Aim of the exercise —
From the line containing "北京汇诚鑫达汽车销售有限公司" to the final line of the material below, return every line exactly. Do not include pictures.

Data below —
◇ ◇ ◇ ◇ ◇ ◇ ◇
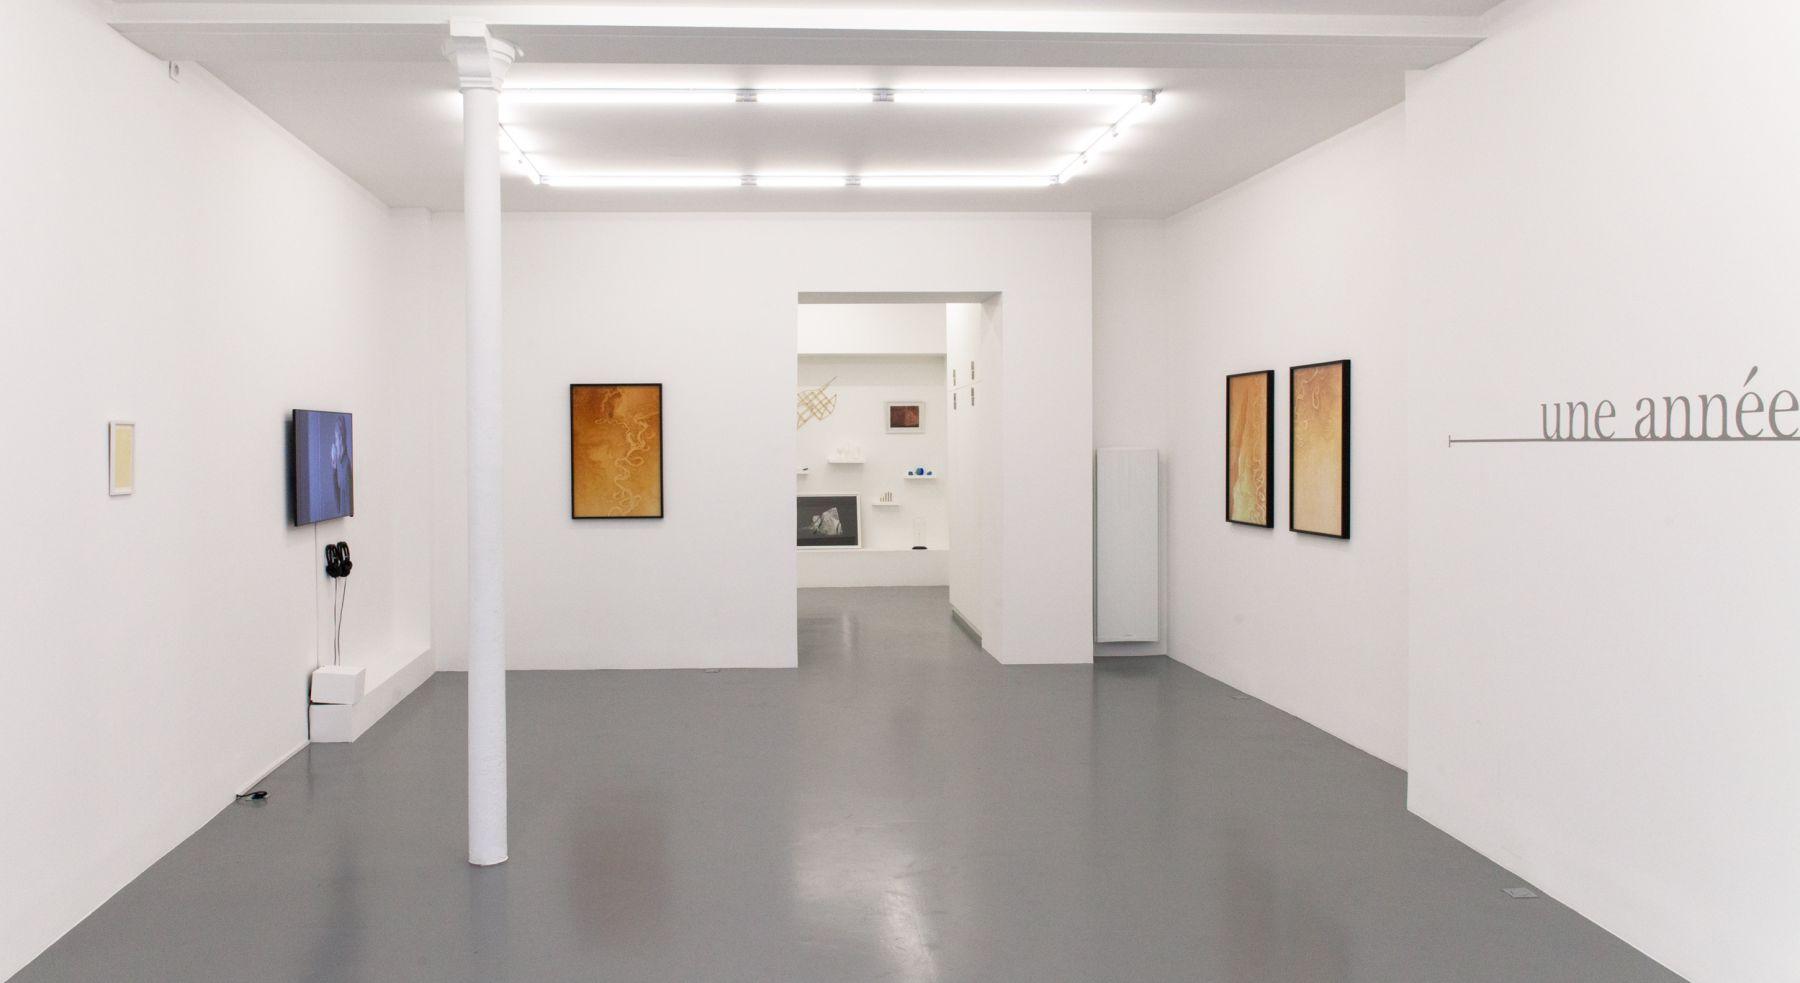 """Julien Discrit, """"Le souvenir des pierres"""", (solo show), Galerie Anne-Sarah Bénichou, Paris, France, May, 21st - July, 23rd, 2016, courtesy Galerie Anne-Sarah Bénichou"""
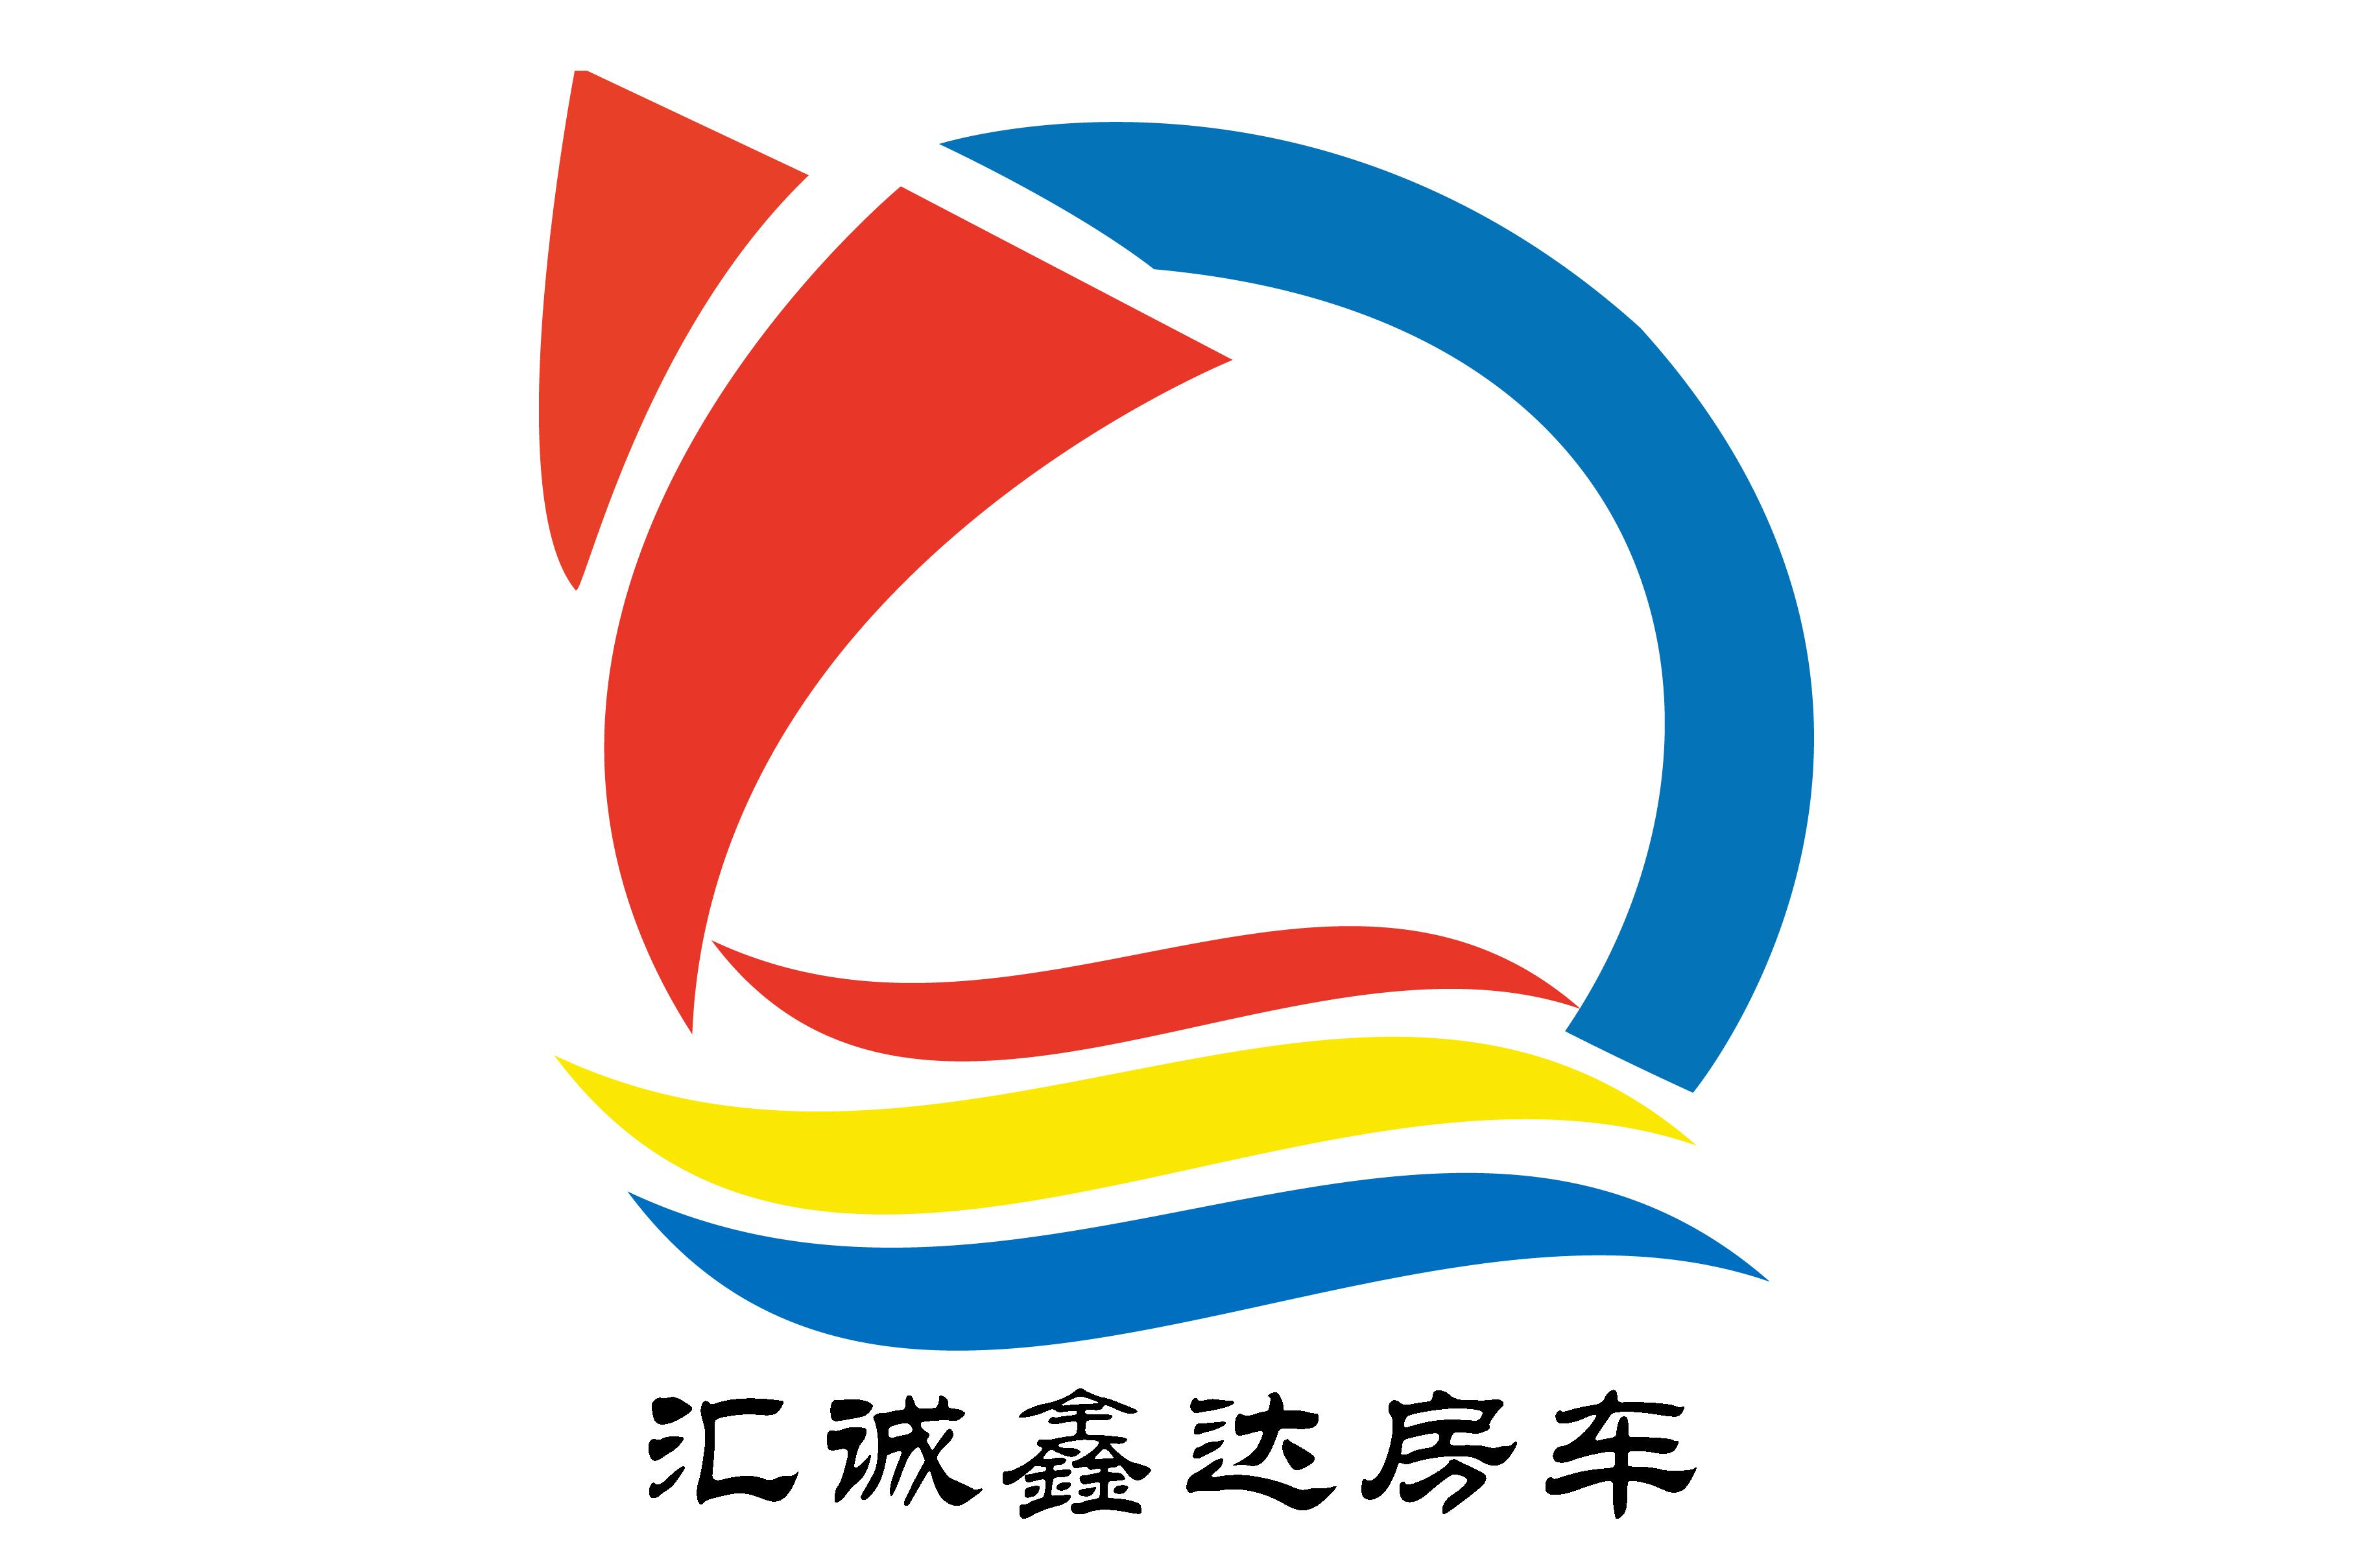 北京汇诚鑫达汽车销售有限公司
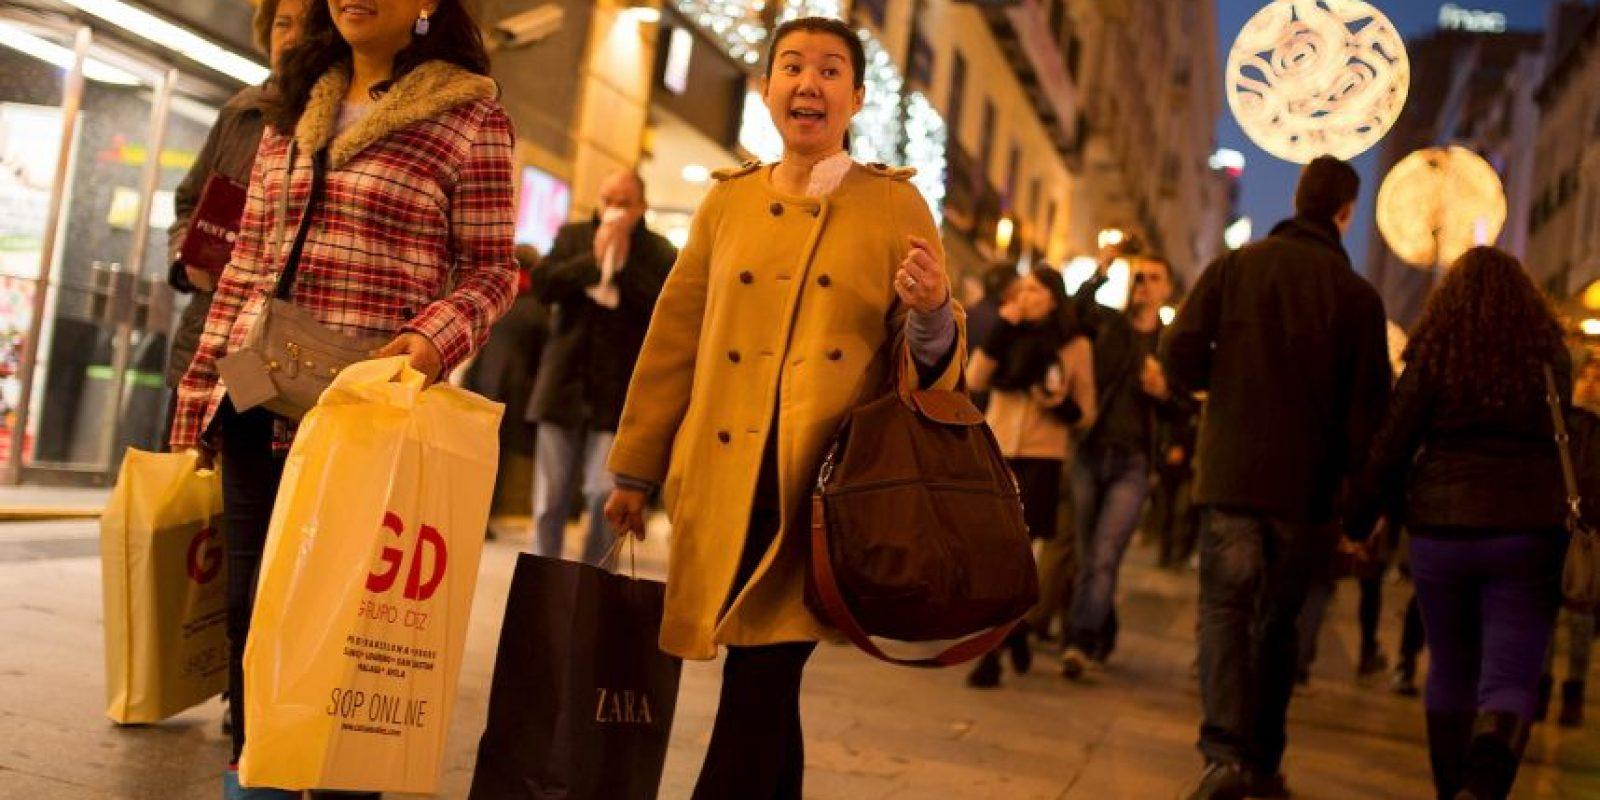 O que la adquisición de determinados productos hará más atractivo. Foto:Getty Images
◇ ◇ ◇ ◇ ◇ ◇ ◇
Task solution —
 北京汇诚鑫达汽车销售有限公司
 O que la adquisición de determinados productos hará más atractivo. Foto:Getty Images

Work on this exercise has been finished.